Невольно рождались предположения, что она была либо заказа­на, либо нарочно написана к столетию. Но Суриков никогда не при­нимал заказов ни от людей, ни от событий. Но он часто совпадал с ритмом времени, что характерно для его, главным образом, ин­стинктивного таланта. Это указывает только на то, что в глубине подсознательного он был подчинен тому же чередованию воли, что и вся русская жизнь.
Так, «Утро стрелецких казней» роковым совпадением увидело свет 1 марта 1881 года.
«В 95 году начал я «Суворова» писать,— говорил он,— в 98 ездил в Швейцарию этюды писать. И совсем случайно попал к столетию в 1899 году. И вот со «Стенькой» то же: с девятисотого года еще начал для него материалы собирать, а выставил в 1907. Как раз в самую революцию попал».
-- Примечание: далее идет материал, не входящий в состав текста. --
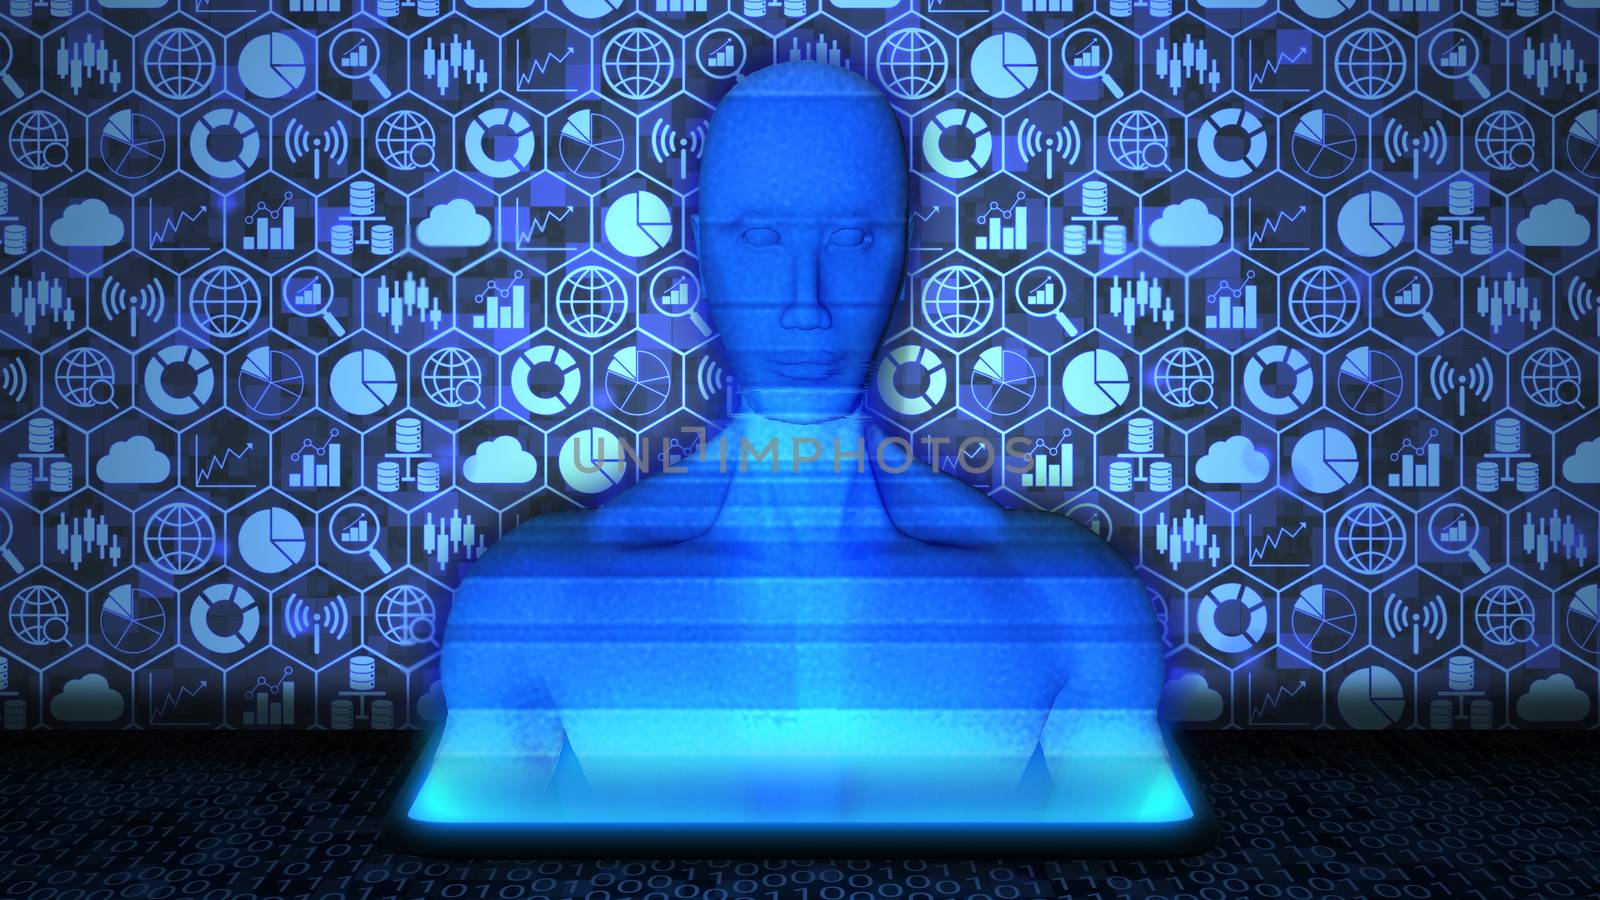 8K 3D Rendered AI/Human Hologram projected from Smartphone on the floor with Big Data Technology icon set Background and Random Binary Code on the floor in blue color by ariya23156

Вполне понятно психологически, как Суриков, вступив в период «героических картин» и поставив себе целью стать певцом геройских подвигов русского казачества, после «Покорения Сибири» остановил­ся на «Переходе через Альпы». Правда, это был уже не казацкий подвиг, но он угадывал в Суворове ту же непокорную центробежную силу на царевой службе, которую он единственную понимал и чув­ствовал в русской истории.
Суворовский переход через Альпы в сопоставлении с переходами Аннибала и Наполеона представлялся ему, конечно, как высочай­ший взлет русского удальства.
Если «Покорение Сибири», хотя и продиктованное родовыми вос­поминаниями, было уже темой литературной, подсказанной не внут­ренней необходимостью, а внешними целями, то «Суворов» является темой вполне надуманной.
«Стрельцов», «Меншикова» и «Морозову» Суриков не мог не написать; «Ермака» он смог написать; «Суворова» мог и не писать, «Стеньку» не смог написать, по его личному признанию.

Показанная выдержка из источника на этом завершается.